US researchers create revolutionary ‘heat mirrors’ for buildings

A research team at Stanford University has pioneered a technology that is able to cool buildings without electricity.

This is very novel and an extraordinarily simple idea, we can now use radiative cooling, not only at night but in the daytime as well– Eli Yablonovitch, a professor of engineering at the University of California

Shanhui Fan, a professor of electrical engineering, and Aaswath Raman, a research associate, have developed an ultra-thin coating that acts like a mirror when exposed to infrared radiation. This means that it is able to reflect 97% of the radiant heat component of direct sunlight.  

The result is that a building coated with the 1.8 micron-thick substance will require less mechanical cooling than would otherwise be the case. It is estimated that 15% of all the electricity used in America’s built environment goes on air-conditioning it.

The coating on a roof and a diagram (Stanford University)

The material acts like a semiconductor but with energy instead of electricity. The coating radiates energy at a wavelength of between eight and 13 microns (one thousandth of a millimetre), which is the length that is transmitted most easily through the Earth’s atmosphere. This means that as well as reflecting sunlight, it is able to radiate heat from within the building more effectively, and does not warm the external environment.  

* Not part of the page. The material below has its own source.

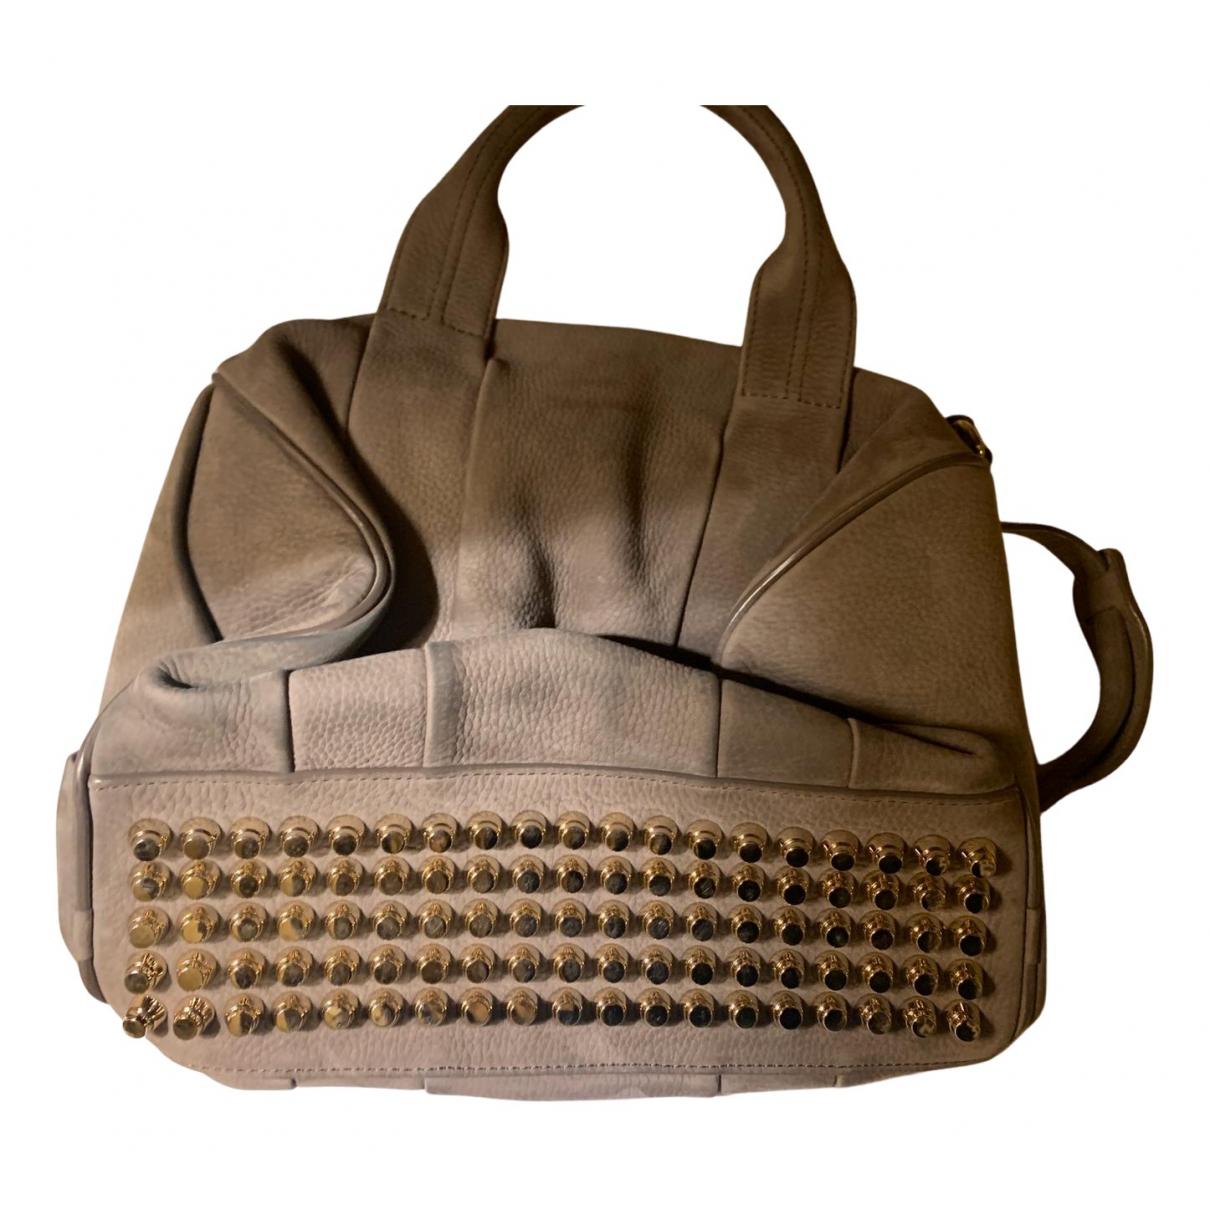 Alexander Wang Rocco Grey Suede handbag for Women N

The researchers believe that a building coated with the substance would be about 5 degrees cooler then the ambient air temperature.  

The material is made of seven layers of silicon dioxide and hafnium oxide on top of a thin layer of silver. Hafnium is a transitional metallic element that resembles zirconium, and is used in semi-conductors and the control rods of nuclear reactors. The largest known deposits are in western Australia.

An illustration of the cooler (Stanford University)

There are two main obstacles to the further development of the coating. One is the need to conduct the heat in a building’s interior to the surface coating so that it can be radiated away. The second is how to manufacture it as large panels, and how these panels will be deployed on buildings. The team’s prototype is the size of a pizza.  

Eli Yablonovitch, a professor of engineering at the University of California, Berkeley, and a pioneer of photonics, told the website: "This is very novel and an extraordinarily simple idea. As a result of Professor Fan’s work, we can now use radiative cooling, not only at night but, counter-intuitively, in the daytime as well."